You can see the bash's shared library dependencies by executing the ldd command:
# ldd /bin/bash
linux-vdso.so.1 => (0x00007fff9a373000)
libtinfo.so.5 => /lib/x86_64-linux-gnu/libtinfo.so.5 (0x00007f24d57af000)
libdl.so.2 => /lib/x86_64-linux-gnu/libdl.so.2 (0x00007f24d55ab000)
libc.so.6 => /lib/x86_64-linux-gnu/libc.so.6 (0x00007f24d51eb000)
/lib64/ld-linux-x86-64.so.2 (0x00007f24d59f8000)
Now, we need to manually create all necessary directories and copy /bin/bash and all libraries to the new chroot directory into an appropriate location:
# cd /var/chroot/
# mkdir bin/ lib64/ lib/
# cp /lib/x86_64-linux-gnu/libtinfo.so.5 lib/
# cp /lib/x86_64-linux-gnu/libdl.so.2 lib/
# cp /lib/x86_64-linux-gnu/libc.so.6 lib/
# cp /lib64/ld-linux-x86-64.so.2 lib64/
# cp /bin/bash bin/
At this point all is ready and we can chroot
# chroot /vat/chroot
bash-4.2# ls /
bash: ls: command not found
From the above you can see that bash is ready but there is not much to do as not even ls command is available. Rather then manually copy all commands and required libraries I have created a simple bash script to aid with this purpose. Create a script with the following content:
#!/bin/bash
# This script can be used to create simple chroot environment
# Written by LinuxCareer.com
# (c) 2013 LinuxCareer under GNU GPL v3.0+
#!/bin/bash
CHROOT='/var/chroot'
mkdir $CHROOT
for i in $( ldd $* | grep -v dynamic | cut -d " " -f 3 | sed 's/://' | sort | uniq )
do
cp --parents $i $CHROOT
done
# ARCH amd64
if [ -f /lib64/ld-linux-x86-64.so.2 ]; then
cp --parents /lib64/ld-linux-x86-64.so.2 /$CHROOT
fi
# ARCH i386
if [ -f /lib/ld-linux.so.2 ]; then
cp --parents /lib/ld-linux.so.2 /$CHROOT
fi
echo "Chroot jail is ready. To access it execute: chroot $CHROOT"

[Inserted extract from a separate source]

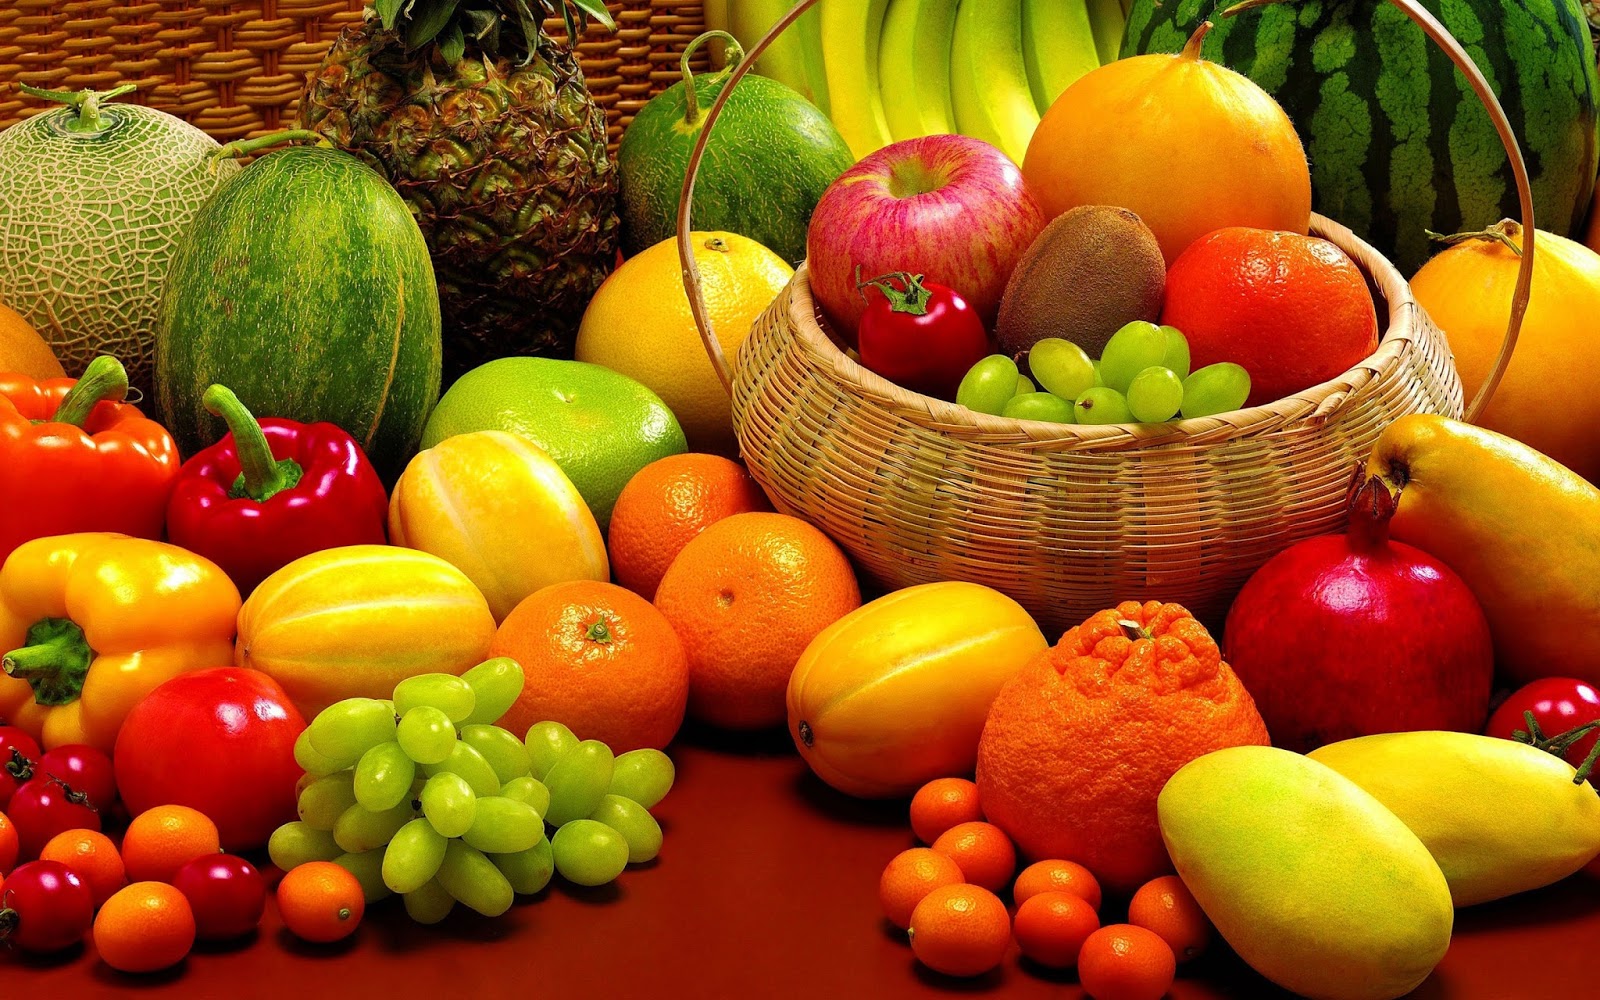 تفسير حلم رؤية الفاكهة في المنام تعرف على تفسير حلم رؤية الفاكهة

By default the above script will create chroot in /var/chroot as defined by the $CHROOT variable. Feel free to change this variable according to your needs. When ready, make the script executable and run it with the file full path to your executables and files you wish to include. For example, if you need: ls, cat, echo, rm, bash, vi then use the which command to get a full path and supply it as an argument to the above chroot.sh script:
# ./chroot.sh /bin/{ls,cat,echo,rm,bash} /usr/bin/vi /etc/hosts
Chroot jail is ready. To access it execute: chroot /var/chroot
Now, you can access your new chroot jail with:
# chroot /var/chroot
bash-4.2# echo linuxcareer.com > file
bash-4.2# cat file
linuxcareer.com
bash-4.2# rm file
bash-4.2# vi --version
VIM - Vi IMproved 7.3 (2010 Aug 15, compiled May 4 2012 04:25:35)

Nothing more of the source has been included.